To Serve or Not to Serve Hyperscalers
Archit Johar
Principal at Kearney (Communications, Media and Technology) | Yale School of Management
In my recent discussions with three companies operating within the high-tech value chain, I am starting to see a pivotal question emerging: Should these companies prioritize serving the AI needs of hyperscalers or focus on enterprise customers? This dilemma impacts various industry players, including data center co-location providers, server OEMs/ODMs, and companies supplying software stacks for cloud providers.
Many server OEMs, for instance, report razor-thin margins on AI servers sold to hyperscalers—often in the low single digits—compared to the 10-15% margins typically achieved on non-AI servers for enterprise customers. This margin disparity is not unique and reflects a broader industry challenge.
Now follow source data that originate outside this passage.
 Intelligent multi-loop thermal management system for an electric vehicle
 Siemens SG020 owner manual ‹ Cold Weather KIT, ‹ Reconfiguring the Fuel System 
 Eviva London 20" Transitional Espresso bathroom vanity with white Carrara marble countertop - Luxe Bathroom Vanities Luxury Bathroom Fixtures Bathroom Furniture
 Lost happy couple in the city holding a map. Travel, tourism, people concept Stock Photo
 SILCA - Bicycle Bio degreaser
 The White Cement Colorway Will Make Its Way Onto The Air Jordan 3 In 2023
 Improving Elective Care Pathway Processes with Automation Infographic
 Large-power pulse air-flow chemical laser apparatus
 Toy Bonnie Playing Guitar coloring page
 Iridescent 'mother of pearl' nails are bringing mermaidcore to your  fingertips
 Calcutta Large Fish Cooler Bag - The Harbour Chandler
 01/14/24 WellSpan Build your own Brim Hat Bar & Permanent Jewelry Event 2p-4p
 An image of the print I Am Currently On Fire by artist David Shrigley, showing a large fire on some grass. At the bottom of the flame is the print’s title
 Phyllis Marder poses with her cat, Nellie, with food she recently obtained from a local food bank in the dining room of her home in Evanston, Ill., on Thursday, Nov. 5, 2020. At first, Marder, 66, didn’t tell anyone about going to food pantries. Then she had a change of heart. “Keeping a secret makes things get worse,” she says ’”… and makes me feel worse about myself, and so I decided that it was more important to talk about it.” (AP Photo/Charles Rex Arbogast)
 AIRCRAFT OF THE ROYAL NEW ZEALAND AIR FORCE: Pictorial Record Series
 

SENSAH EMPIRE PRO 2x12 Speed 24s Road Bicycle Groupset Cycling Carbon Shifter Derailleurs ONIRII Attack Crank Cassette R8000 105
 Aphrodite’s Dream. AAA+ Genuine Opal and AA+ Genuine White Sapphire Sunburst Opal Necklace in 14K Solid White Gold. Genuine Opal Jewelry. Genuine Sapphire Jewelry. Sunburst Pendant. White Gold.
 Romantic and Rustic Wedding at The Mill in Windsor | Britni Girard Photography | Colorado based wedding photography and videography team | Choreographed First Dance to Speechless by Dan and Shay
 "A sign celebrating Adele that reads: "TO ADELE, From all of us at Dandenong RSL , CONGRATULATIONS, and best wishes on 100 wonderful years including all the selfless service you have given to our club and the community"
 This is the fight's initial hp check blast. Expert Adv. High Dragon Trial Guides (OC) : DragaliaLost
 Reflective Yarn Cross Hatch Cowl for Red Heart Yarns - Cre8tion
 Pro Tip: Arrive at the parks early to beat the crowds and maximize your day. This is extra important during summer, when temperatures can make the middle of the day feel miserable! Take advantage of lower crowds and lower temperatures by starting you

Historical precedents provide valuable insights. The hard drive industry, for example, has experienced long-term margin compression as its customer base became concentrated among hyperscalers and cloud providers—entities often 10-100 times larger than their suppliers, leaving little room for pricing power. Their bigger challenge is centered on the fact that hyperscalers are the only customer base left.
Drawing from Geoffrey Moore’s "Crossing the Chasm," the go-to-market (GTM) and sales strategies for innovators and early adopters differ significantly from those needed to address the mainstream market (early and late majority, i.e., enterprise customers). Legacy technology companies (laggards) are unlikely to be the target market for these advanced AI solutions.
While much has been written about DeepSeek, skepticism remains regarding claims such as its $6 million model training cost. I personally believe unit volumes will rise 100-fold with a 10-fold price reduction, in line with Jevons Paradox. This is reflected in the significant increases of CAPEX of AWS, Google, Microsoft, and Meta from $220 billion in 2024 to more than $300 billion in 2025. I personally believe while this may continue to increase, the next wave of CAPEX install will come from enterprises and companies in the high-tech value chains need to position themselves to profitably serve this customer segment in the near future.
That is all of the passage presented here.